Today, business schools are responding to a wide range of challenges and changes in an increasingly uncertain business landscape. Here are five key reasons why that means your business school experience will be different in 2023.
1. Industry disruption is shaping employer’s needs
Cross-industry disruption has been ongoing for some time. Advances in technology continue to impact the business landscape, while the climate crisis is driving a cross-industry push for innovative sustainable solutions.
Disruption also largely stems from the Covid pandemic: we’ve seen a shift away from the previously dominant trend towards globalization, while the existence of hybrid work seems here to stay.
“On the one hand, technology induced changes that we were seeing even before the pandemic, but the pandemic has also disrupted and led us to rethink fundamental things,” says David Suarez (pictured), vice dean of IE Business School.
Among this uncertainty, businesses are looking not only to survive, but thrive. This means disruption is shaping the needs of employers and having an impact on recruitment plans. For business schools looking to train future industry leaders, that means adjusting the curriculum to fit with the new needs of employers.
“We’re really trying to rethink and see how we can move the needle and really address the challenges that we see from businesses’ perspective,” David explains.
2. Schools are increasingly focusing on skills
Key to matching employer’s needs is a renewed focus on skills at business school. Corporate recruiters require new hires to possess key skills that can combat today’s unique set of challenges.
Whether it’s the ability to take data-driven decisions, handle crisis negotiations, or plan an ESG (environmental, social, governance) strategy, schools must help students develop key skills in order to prepare them to land and succeed in their future careers.

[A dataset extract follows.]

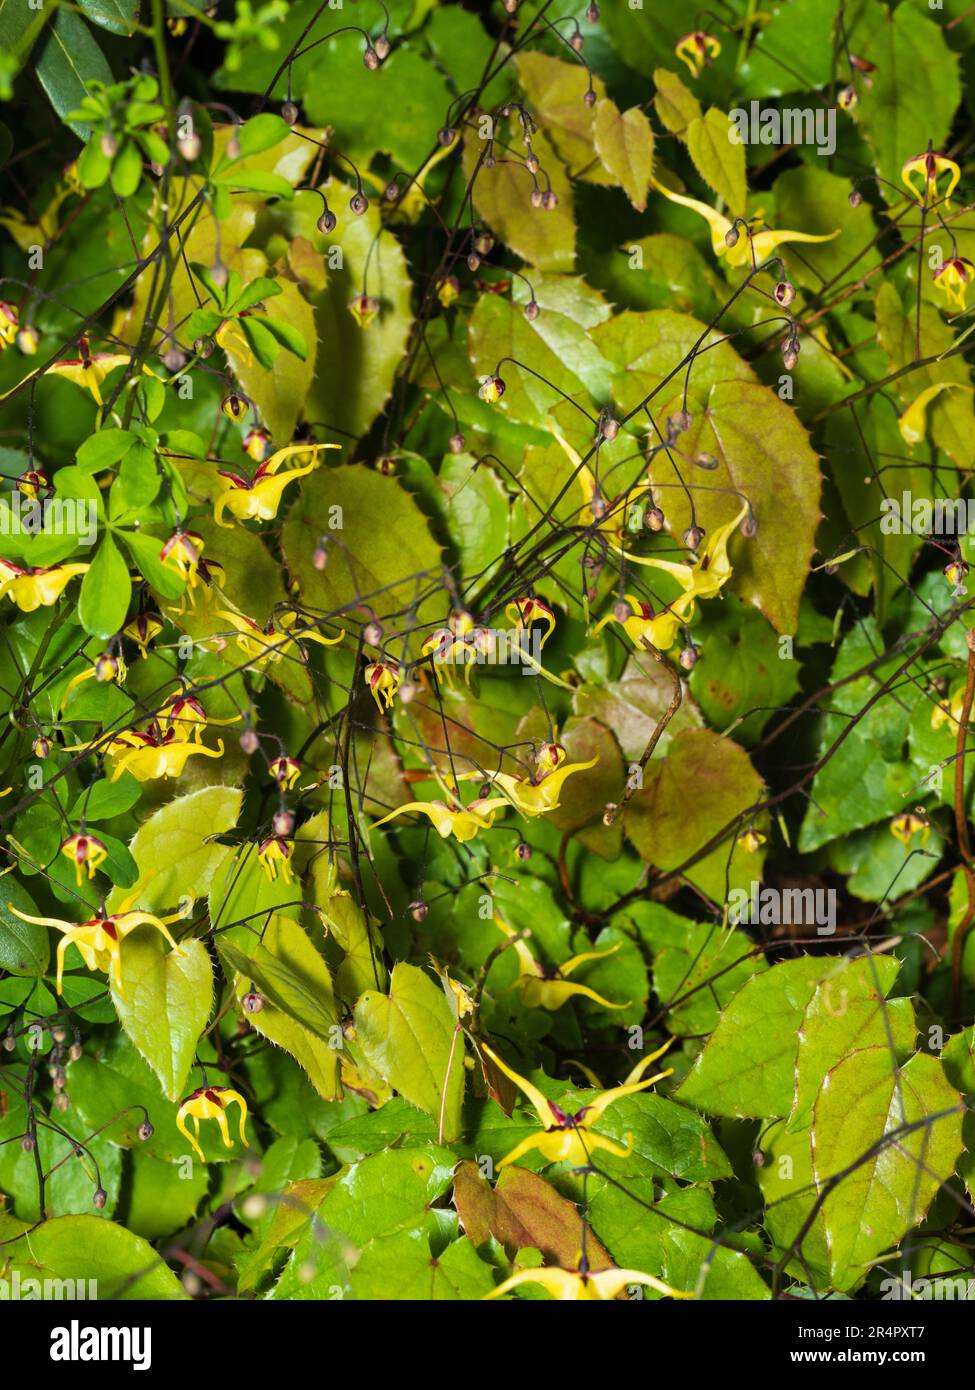 Small, spurred yellow flowers of the hardy perennial barrenwort, Epimedium 'Windfire' hover above the leathery foliage Stock Photo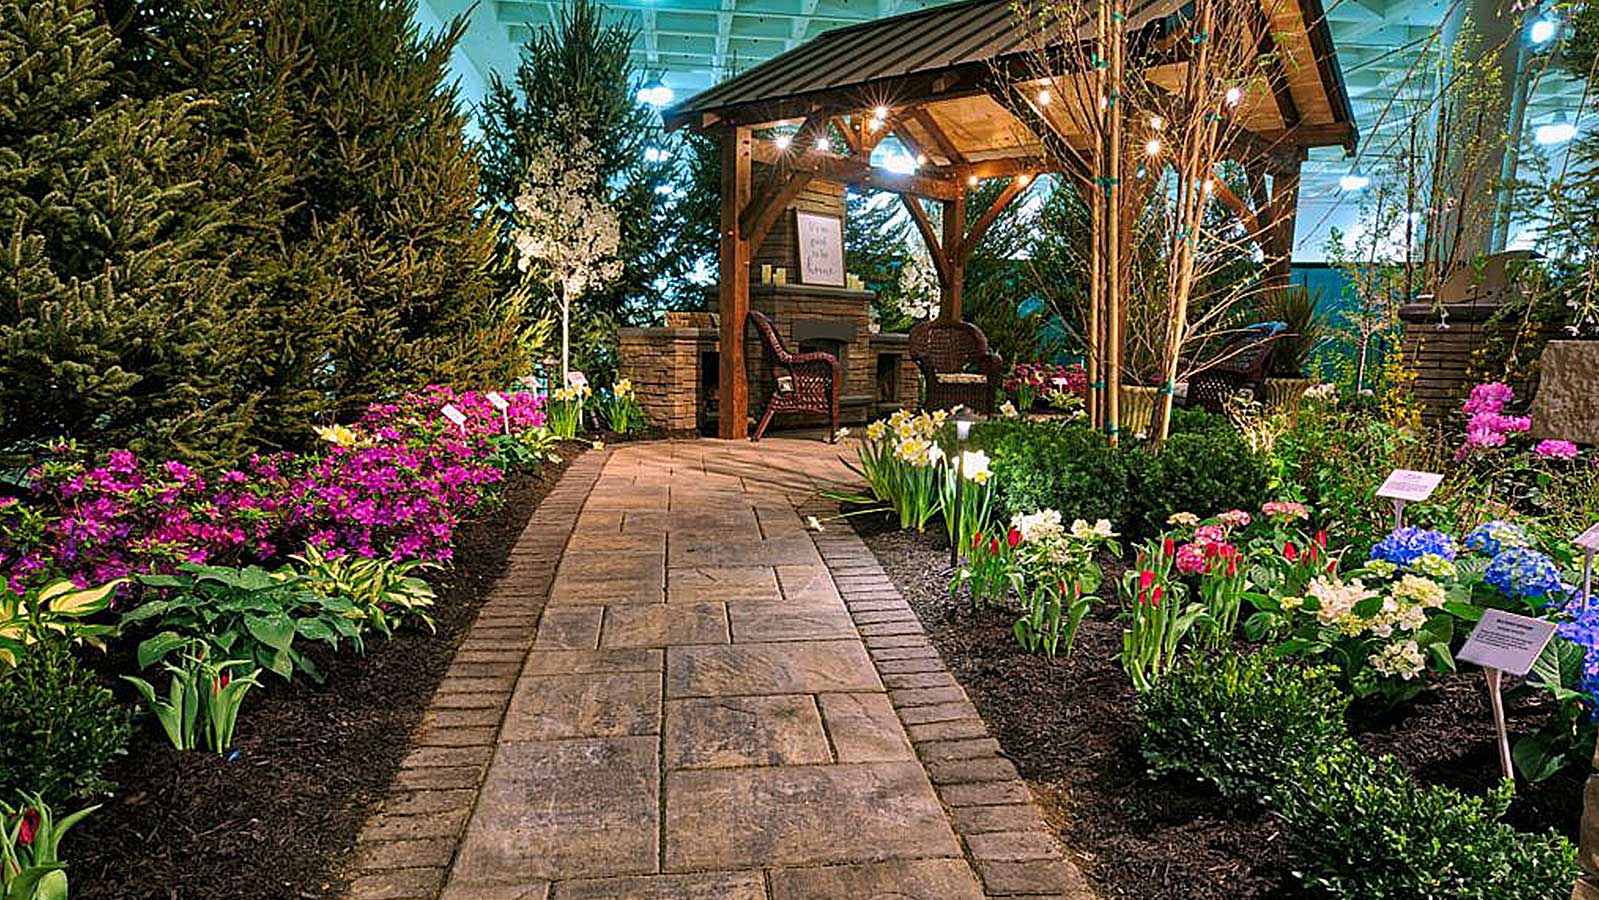 Spring Planning Gets a Boost at The Great Big Home + Garden Show in Cleveland

In partnership with LinkedIn, IE recently completed an in-depth analysis of the skills recruiters are currently prioritizing. The school is now using this in its plans to update the curriculum.
“We’ve addressed some areas of depth where, from a [learning] content perspective, we need to teach and train our graduates,” David explains.
“It makes them much more desirable in the market, they’re going to have a set of skills that are tailored to what a particular industry or function needs.”
3. Wellbeing is a priority at business school
The pandemic started a new conversation about the importance of health and wellbeing.
Amid heightened consciousness about the importance of wellbeing, companies are increasingly prioritizing employee’s mental health. Today’s business leaders must be capable of inspiring employees, fostering a positive working environment, and leading with empathy.
“There’s awareness about the need to really address people’s wellbeing as an integral element of managing teams in any company,” says David.
For several years, IE has run a Centre for Health, Well-Being, and Happiness offering guidance and support to students. But now, the school is bringing many of these principles into the business school curriculum.
This involves teaching empathetic leadership in strategy courses, holding motivation and health workshops, and encouraging team building via group projects.
“We cannot talk about team building and team management without talking about empathy, or without talking about what it means for your team members to be healthy, happy, and motivated,” says David.
4. Schools are emphasizing business with impact
The need for business to have a positive impact unites many of the issues facing the business world today. Whether it’s the climate crisis or the war in Ukraine, increasingly there is a focus on how business can be used as a force for good.
Now, a shift towards a more ethically aware business is underway, with greater consciousness over the way business impacts the planet, society, and individuals. This shift is driven by business school students as well as those already working in industry.
“Our students were saying they find a lot of motivation in doing things this way and pursuing these elements of business with a purpose in everything they do,” says David.
“There’s a lot more emphasis on careers with something that goes above and beyond pure financial gain.”
Responding to this movement, business schools are introducing more and more ESG-related teaching into the curriculum. At IE, for example, the MBA program offers a number of core and optional modules covering sustainable business.
Moving beyond specific modules, David explains, these topics are also being integrated across the entire curriculum.
“We try to embed these components not just in one place, but throughout multiple parts of the program.”
These are just some of the changes influencing the business environment in 2023. As schools work to prepare students to meet the challenges they will face after graduation, the business school experience is likely to evolve even further.